# he has started liking oral



## rks1 (Jan 27, 2012)

I just wanted to post a happy update to a previous thread I created over a month back, when I was unhappy and frustrated because my newly-wedded husband seemed to hate giving me oral. (We were both virgins until marriage, and we only were together a short time after marriage, as we currently live long-distance until he moves in with me at the end of the year). http://talkaboutmarriage.com/sex-marriage/39354-husband-dislikes-giving-tmi-warning.html I didn't think anyone would see my update after 4 pages of thread, so I thought I'd post it here:

I went to India to see my husband 2 weeks ago (just for a short week-long trip). It had been 2.5 months since my last trip there, as I'm in school full-time as well as working. The first night I was there, I was not able to have sex with him as I was ending my period. He asked me that night if I'd be willing to give him oral. I agreed. (On a previous occasion I had sucked on his penis, but he finished elsewhere.) I remember when he was about to orgasm, he warned me that I should quickly remove my mouth. However, just for fun I didn't, and he ended up orgasming inside. I admit, the texture of semen was disgusting and I felt like gagging on it. However, there was not much of any taste (he is vegan, and I have heard that veggie people have milder tastes). He told me to spit it out, but instead I just swallowed it down (uggh! it was my first time doing that) while he looked on in disbelief. He told me the next day that had he married a woman from his country, he would have never experienced such a thing in life. He admitted however, that he doesn't want me to perform oral on him again, as he felt bad doing that to me. He wasn't comfortable, as he felt like me giving him oral put him in a dominant position with me as his slave... and he didn't like that feeling, as our relationship is otherwise quite balanced (with me being slightly more dominant in the relationship compared to him). I asked him if he feels like my slave when he gives me oral, but he says he doesn't mind giving me oral as long as I use good hygiene.
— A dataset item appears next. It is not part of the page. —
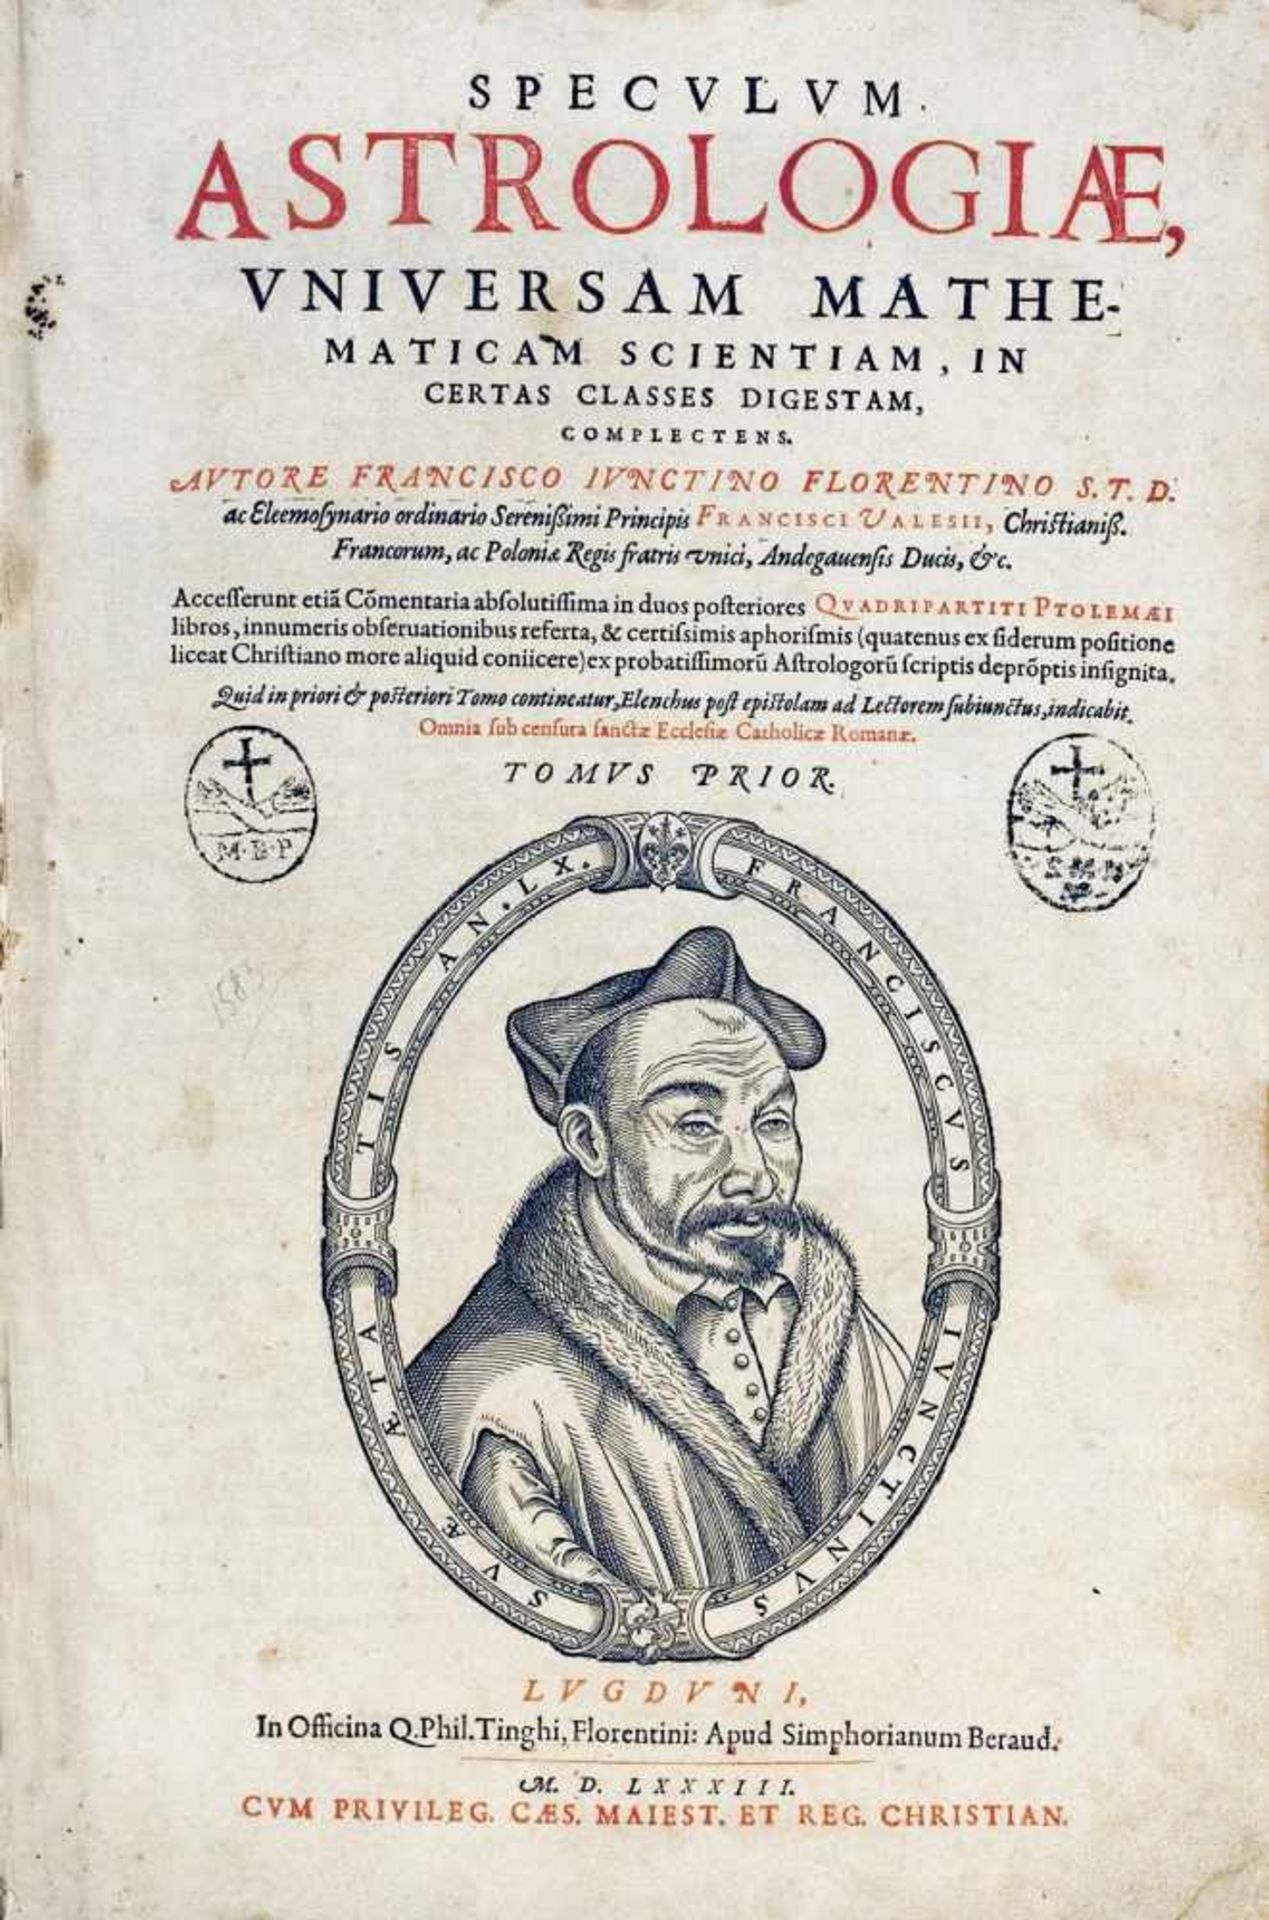 Astrologie - Francesco Giunti. Speculum Astrologiæ, universam mathematicam scientiam, in certas

The next day (after my period had stopped), we did have sex, and before we did that, he offered to give me oral without my asking. I told him that he doesn't have to (as I knew that he previously didn't like giving oral at all). But he told me that he didn't mind, so he went down on me. During the time I was there, our sex included him giving me oral, followed by intercourse (as he never asked me to give him oral thereafter). The first two times he gave me oral, he was still uncomfortable licking around my vagina (as he didn't like the liquid which he complained was salty, and thus he preferred to stay up towards the clit). However, I appreciated him for at least trying it out (which was progress, considering that on my last trip at the time of our wedding, he had flatly refused licking anywhere near the vag as he thought women's v's were naturally unhygenic). 
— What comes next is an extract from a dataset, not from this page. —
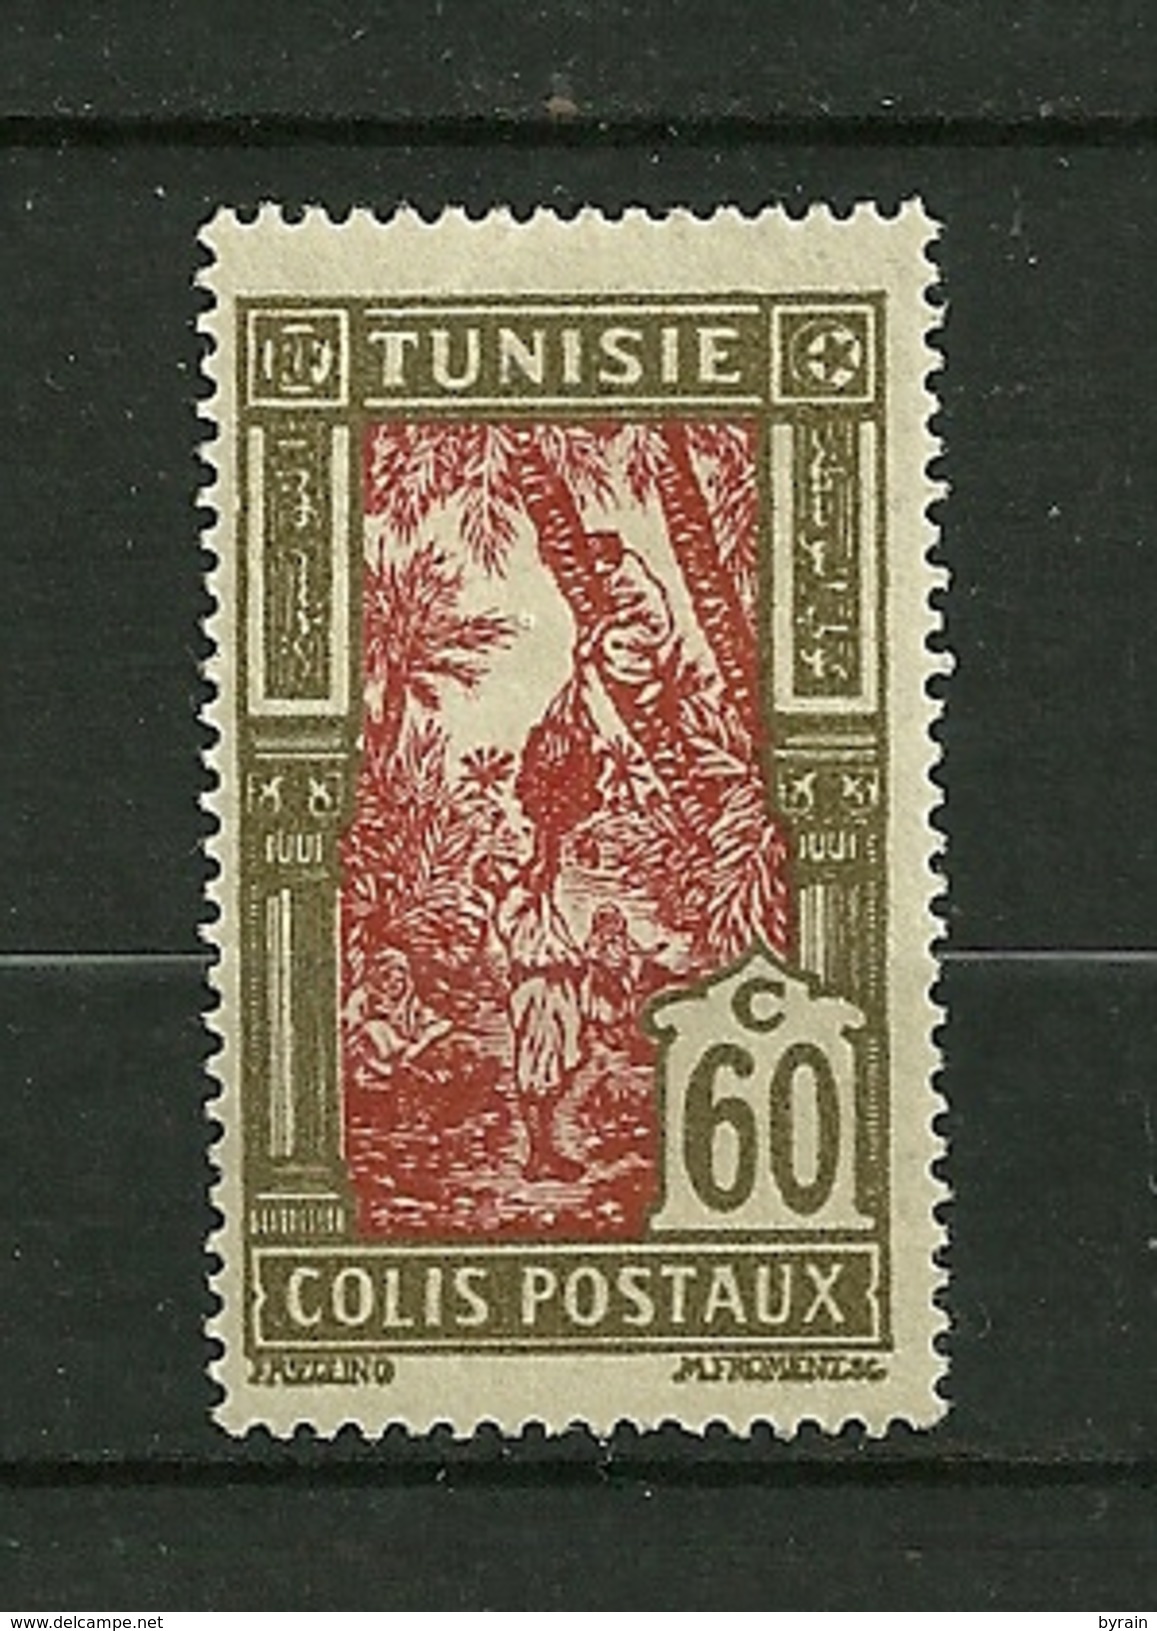 TUNISIE  1926  Colis Postaux   N° 17 " Récolte Des Dattes "   Neuf Avec Trace De Charnière - Timbres-taxe

Now here's the crazy thing... sometime after the first 2 times he gave me oral on this trip, he had some kind of mindswitch. I don't know what happened. He gave me oral about 7 times or so that week, but by time 4, he started WANTING to do it... :scratchhead:  On my previous trip, I remember that he would lose his erection while going down on me, but this time I noticed that he would remain hard after he was done going down. He would get a kick out of seeing me squirm around while he was pleasuring me, and would tease me about that. The day I was leaving back for home, as we were travelling to the airport, he told me that all he could think about was my scent 'down below' and how he just wanted to put his face back there (!). 

Since I have come back home, he still mentions it, nearly every day, that he wants to 'eat (my) salty ____'. Unfortunately it will be some months before I'm able to go back to visit due to school.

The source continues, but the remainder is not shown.